明滅論……

時折ぼちぼちと読んでいるジャン=リュック・マリオン。今回は2010年刊行の『見るために信ず』(Jean-Luc Marion, “Le croire pour le voir”, Éditions Parole et Silence – Communio, 2010)という新旧取り混ぜての論集からいくつかを拾い読みしているところ。とくに最後のほうに収録されている「贈与の認識」(La Reconnaissance du Don)などは、おそらく未読の別の著作『与えられていること』(”Étant donné”)とも密接に関連しているものと推測されるけれど、いずれにしても「現れ」そのものの「非現性」といった、マリオンの著作に反復されている主要な問題系がここでもヴィヴィッドに息づいている(笑)。才能とか運とか、いずれも「付与される・与えられている」ものとして人が認識するものは、実はまったく目にできない。そんなときに人は果たして本当にその「与えられたもの」にアクセスできるのか、というのが根本的な問い。贈与は「自動配置」(auto-position)されるといわれ、そのため贈与のプロセス自体は目にできず、贈与の起源であるとかその偶然性、贈り主が見えなくなってしまう。

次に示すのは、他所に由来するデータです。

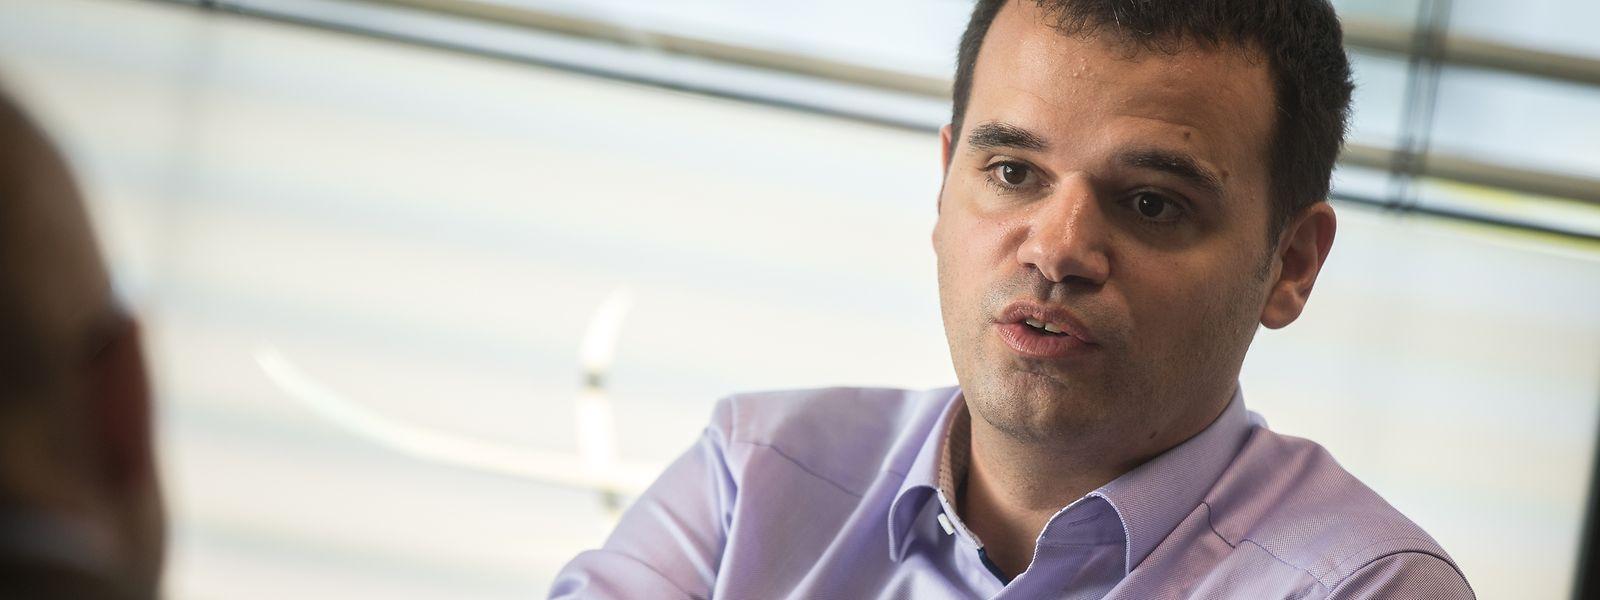 Jacques Pütz ist CEO der Firma Luxhub. Er glaubt, dass Banken neben den technischen Aspekten der EU-Zahlungsdienstrichtlinie  auch strategische Fragen klären müssen, um im Wettbewerb nicht abgehängt zu werden.

贈与は、それが贈与であった痕跡すら破壊しながら完遂される。けれども、それをあえて遡及していくことがとりもなおさず現象学の課題だというわけだ。最低限の透明性しかない贈与を通じて、贈り主の側からの贈与を認識するというプログラム。見え隠れ、明滅のいわば反転を試みること。それが神学的なパースペクティブに繋がっているあたりは、マリオンおなじみの一種のマニフェスト(それ自体がいわば隠れたものを見せることなのだけれど)という感じがする。「不可視の聖人」(Le saint invisible)という別の論文でも、聖人の聖性そのものが見えないということがどういう構造(神学的?)をなしているのかが論じられる。